Say Hello To The New Twitter

    Why your Twitter is starting to feel a little bit like Facebook.

    Twitter's been doing things in the last weeks and months, things like changing the rules for developers and effectively smothering third-party clients like Echofon, killing connections between it and competing services, and removing third-party image services from its app. All to build toward this promise of a Shiny New Twitter. A Shiny New Twitter that we haven't seen a pixel of. Until now.

    Twitter's announcements today are relatively minor, in a way — you now have a cover image in your profile, just like Facebook (and, uh, Path)! and a new iPad app that looks like the current iPhone app, but bigger. The most noteworthy news, at a glance, might be that Twitter announced an update to an iPad app on the Today Show. But these are the first bits of the Shiny New Twitter, the Twitter that's more like Facebook than, well, Twitter.
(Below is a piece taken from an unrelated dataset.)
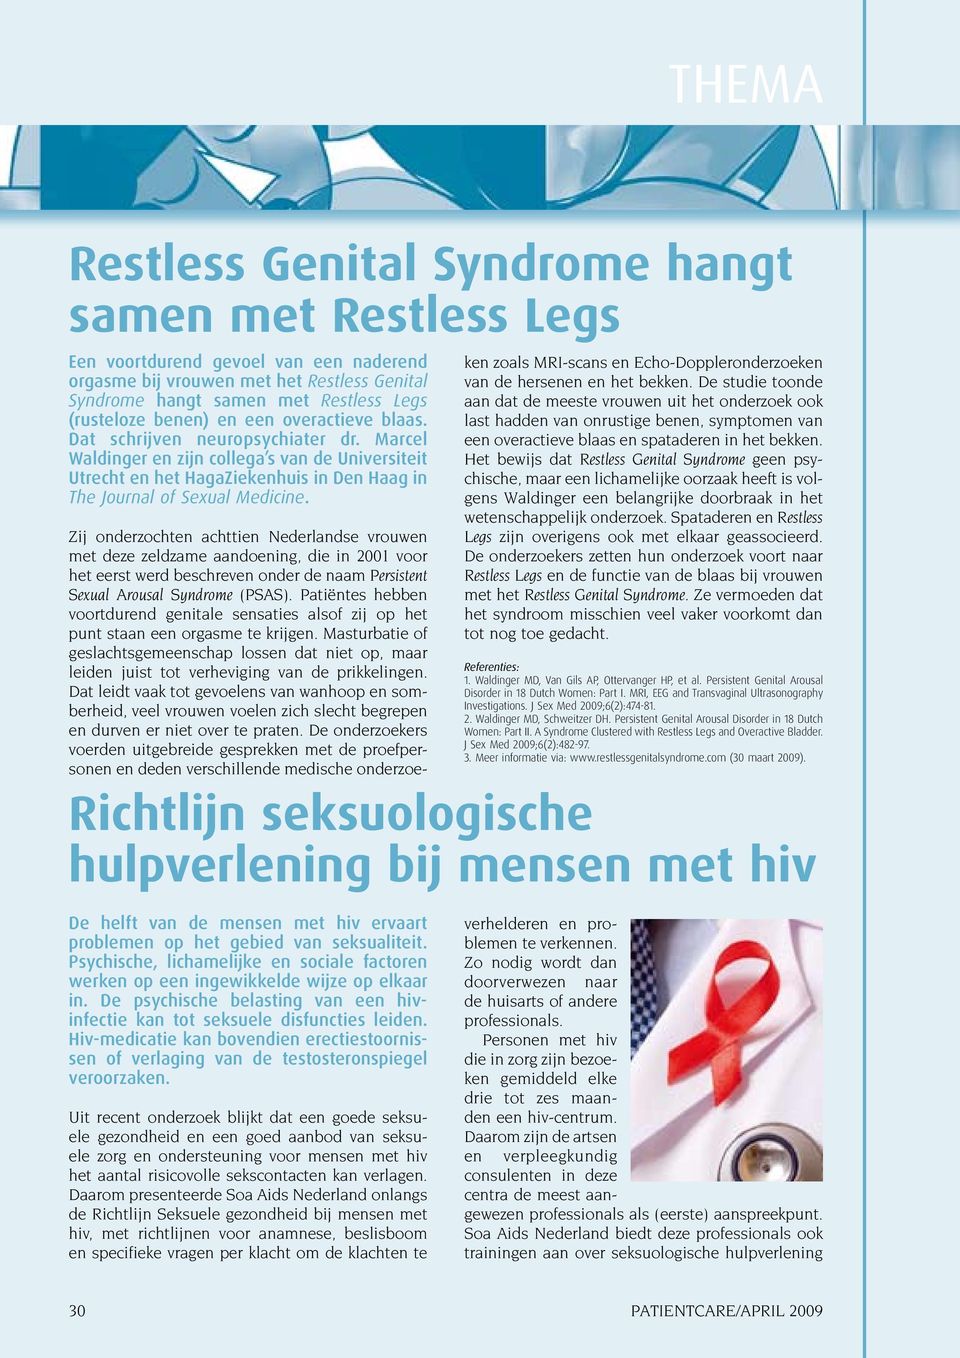 Zij onderzochten achttien Nederlandse vrouwen met deze zeldzame aandoening, die in 2001 voor het eerst werd beschreven onder de naam Persistent Sexual Arousal Syndrome (PSAS).

    This Twitter update, in a sense, is all about images (which makes sense for a text-based service becoming a Media Company). The most visible change is that user profiles have been redesigned around a splashy cover image. The reason, like the design, is pretty Facebook-y: to make your Twitter profile a more canonical landing page for you as a person. In other other words, Twitter wants you to send people to your Twitter page, not your Facebook page (or About.Me or whatever page). To that end, it's also why it's made photos and images that you've tweeted far more prominent. (The killer real estate for images is why Twitter's officially removed third-party image sharing services like TwitPic [and personal favorite MLKSHK] from the official Twitter app, dooming them to an altogether different kind of existence.)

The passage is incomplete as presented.